« Premières fois »
ZED YUN PAVAROTTI
12 octobre 2020
OFIVE : Ta première claque musicale ?
Zed Yun Pavarotti : La musique classique de manière générale et surtout Wagner avec l’ouverture de son Tannhäuser.
OFIVE : Ta première scène ?
Zed Yun Pavarotti : C’était en 2014 pour la fête de la musique à Saint-Etienne. Je passais sur une scène dédiée aux artistes émergents de la ville, c’était sympa.
OFIVE : La première fois que tu t’es senti fier de toi ?
Zed Yun Pavarotti : Quand j’ai finalement eu mon bac alors que je l’avais déjà raté une fois (pour des raisons administratives). Je n’aimais pas aller à l’école et je ne voulais pas spécialement l’avoir de base. Je l’ai passé en candidat libre et ma mère était super fière de moi.

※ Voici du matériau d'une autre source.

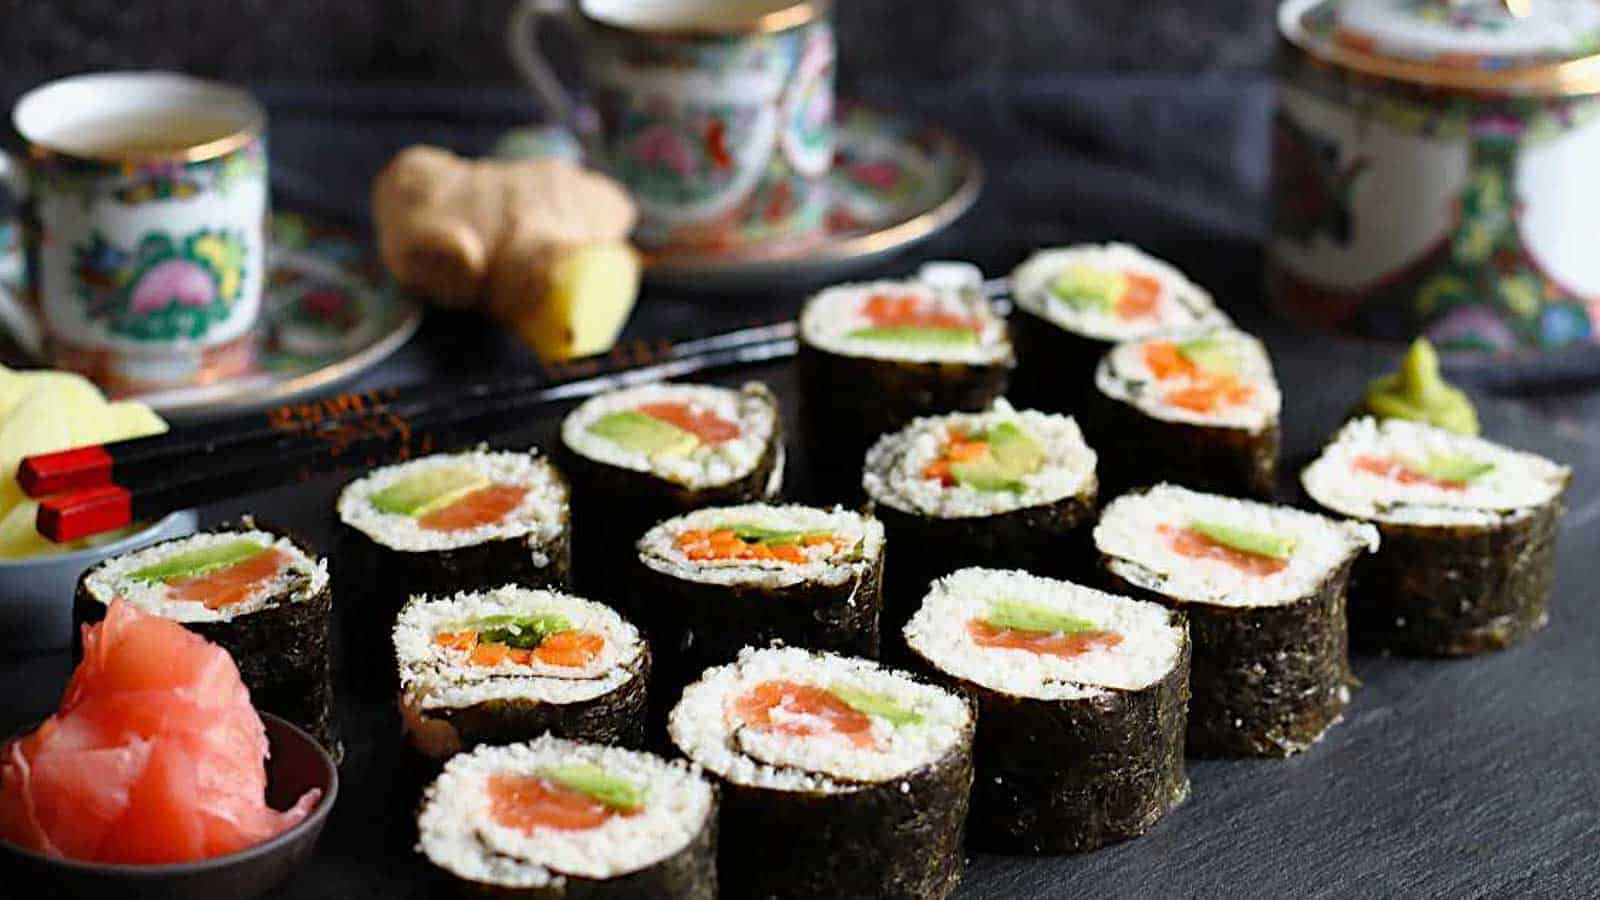 Japanese sushi rolls on a plate with chopsticks.

OFIVE : Ta première grosse connerie ?
Zed Yun Pavarotti : Tout simplement d’avoir choisi de faire de la musique une carrière. C’est une belle erreur qui comporte trop de risques. C’est super cool le son, mais ça reste encore incertain, je peux encore me planter.
OFIVE : Le premier livre qui t’a marqué ?
Zed Yun Pavarotti : « Voyage au centre de la Terre » de Jules Verne. J’ai eu l’impression de vivre un truc en le lisant, j’ai des images très nettes de certaines scènes dans la tête. C’est à ça qu’on reconnaît un chef d’oeuvre.
OFIVE : Le premier film qui t’a marqué ?
Zed Yun Pavarotti : « Stuart Little » parce que c’était la première fois que j’allais au cinéma. J’ai pas honte de dire que je l’ai revu plusieurs fois après, même le 2 était bien !
OFIVE : Ton premier crush sur une célébrité ?
Zed Yun Pavarotti : Emma Watson, elle a marqué toute une génération (les 95-98) et une époque.
OFIVE : Ton premier voyage ?
Zed Yun Pavarotti : Je n’ai pas beaucoup voyagé. Mon premier voyage seul c’était en Italie. C’était aussi la première fois que je prenais l’avion. J’ai découvert un pays à la richesse culturelle intense, j’ai eu l’impression de changer de monde.
OFIVE : Ta première révélation ?
Zed Yun Pavarotti : La découverte de moi-même il y a quelques années. Réaliser que je suis capable de fournir des choses de qualité et qui valent le coup.
OFIVE : Ta première fois à Paris ?
Zed Yun Pavarotti : Quand j’étais petit avec mes parents puis j’y suis retourné avec des amis. On a pas mal galéré en partant avec environ 5 centimes dans nos poches.
OFIVE : Ton premier tatouage ?
Zed Yun Pavarotti : J’avais 16 ou 17 ans, je l’ai fait sur mon avant-bras, c’était un cadeau de ma mère. Il ressemble à une clef qu’on retrouve dans Pirates des Caraïbes.
OFIVE : Ta première remise en question ?
Zed Yun Pavarotti : J’étais obsédé par les pouvoirs physiques, je voulais absolument avoir un super pouvoir. Donc quand j’ai réalisé que j’allais en chier comme tout le monde parce que c’était dramatique que cela soit impossible.
OFIVE : Ta première addiction ?
Zed Yun Pavarotti : La cigarette, j’ai commencé à 12 ans. Je devrais arrêter vers 26 ans pour que ça ne grille pas trop mes cellules pulmonaires, j’ai fait les calculs et ça me laisse encore trois ans.
OFIVE : Ton premier souvenir marquant de fan ?
Zed Yun Pavarotti : Mes fans s’auto-régulent correctement, ils ne sont pas extrêmes. Je retiens quelques larmes aux yeux qui étaient touchantes.